Using the head and tail functions, this shows that the dataset ranges in years from 2017-2020.

Next, we filter the US babynames dataset by these years using the filter function.We average the proportions by name and then arrange the data in descending order by our new average variable. Then, we plot this on a column chart to view the proportion of averaged names.

babynames %>%  
  filter(year > 2016 & year < 2021) %>%  
  group_by(name) %>%  
  summarize(average = mean(prop)) %>%  
  arrange(desc(average)) %>%  
  head(10) %>%  
  ggplot(aes(reorder(name, average),average, fill = name)) + geom_col() +
  labs( title= "Top 10 US Babyname Popularity in 2017", x= "Name",
        y = "Percentage", subtitle = "MEA 3290 Project 1, Graph 4")+
  theme_classic()+
  coord_flip()

As we can see by both bar charts, none of the top 10 names in Italy (regardless of gender) reached the top 10 list of names in the US in 2017.

Conclusion

Overall, from the visualizations provided, we can see 2 main Italian popular names in the US by gender: Marco and Anna. Anna seemed to have had much more prevalence prior to the 1950’s, and Marco seems to have a huge spike in the 2000’s. The rest of the top 5 names by gender in Italy do not show any clear or distinct trend over time, other than a slight increase and decrease from ~1970-1980 in the female names Maria and Andrea.

From what we see, I hypothesize that the increases in the female names from 1970-2000 could be a result of immigration waves into the US from Italy during that time, alongside a consistency of Italian culture and names in media (ie: The Godfather, Italian Music, etc). I also hypothesize that the small hump seen for the name Maria in the 1960’s-1970’s is likely a result of the release of the movie West Side Story in December of 1961.

We did not see any overlap in names in the US from 2017 when compared to names in Italy in 2017 as well. Does this mean that immigrants from Italy to the US are “Americanizing” their names? Is there a pressure to do so? In terms of why this is, a study from 2016 may give us some insight. The study done by Carneiro et al., had found that “at any given time between 1900 and 1930, about 77 percent of immigrants had an American-sounding first name, and it was the norm for them to have dropped their original name within a year of entering the U.S.” This push for “Americanized” first names may have also been a result of economic consequences, as the research article also outlines that “Native-born sons of Irish, Italian, German, and Polish immigrant fathers who were given very ethnic names ended up [earning] $50 to $100 less per year than sons who were given very ‘American’ names.”

If you’d like to read more, the study is linked here!: https://www.ucl.ac.uk/~uctppca/Paper_Immigration_11Feb2016_SL.pdf

Limitations:

Since Italian is a Latin based language, there is the possibility of names listed within the dataset incorrectly being labeled as “Italian”, when they could also easily be Spanish, Portuguese, Romanian, and many more.

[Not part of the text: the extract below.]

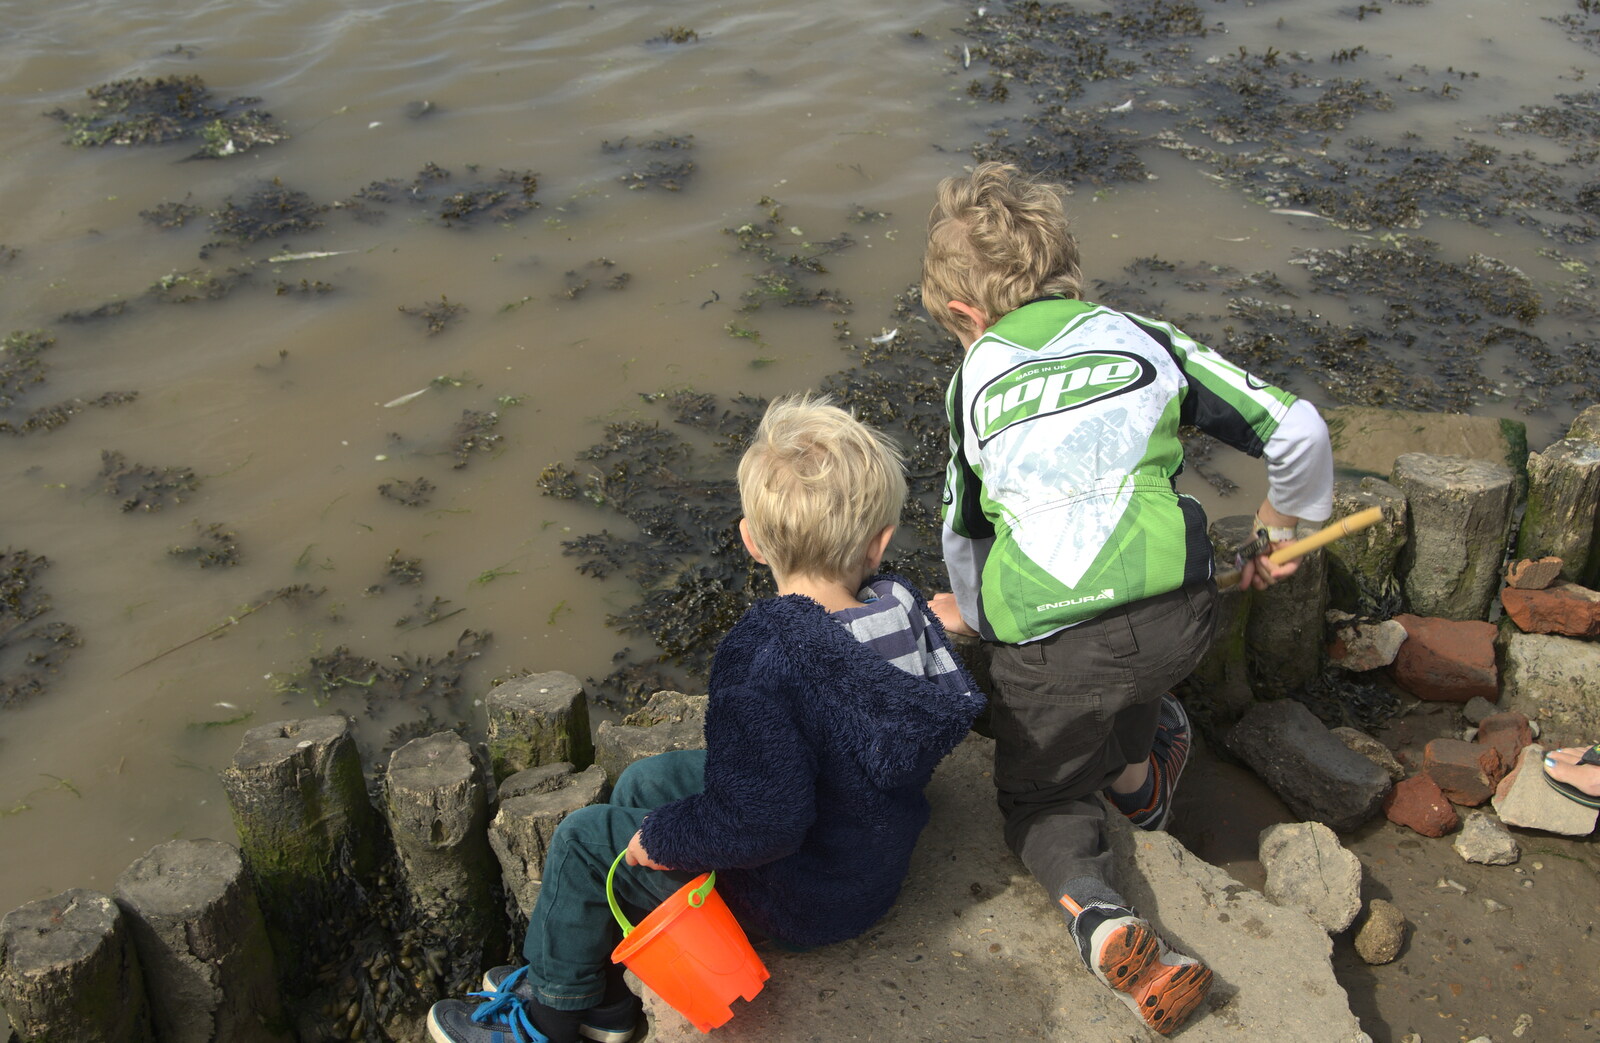 Harry and Fred inspect for crabs from The Danger of Trees: A Camping (Mis)adventure - Southwold, Suffolk - 3rd August 2015

On top of this, we see Male Italian names showing clearly a larger increase from the 2000’s onwards when compared to female names. However, it is also of note to recognize that female names in general have many more possibilities and variability within the US when compared to males, which may also have an impact on these results.

It is also important to note that although Gender was a column in the original dataset, there was no information on gender for each of the names. This required a manual subsection for each of these names, which required assuming gender for each name provided. For example, Francesco was assumed to be a male name and Francesca a female name, which may not have always been accurate. On top of this, Andrea was a gender-ambiguous name, meaning it was included in both the female subsection and male subsection.

It is also important to note that although we filtered the US babynames dataset by yeas > 2016 and years < 2021, the US babynames dataset only included values up to 2017, meaning our visualizations are only based on that year.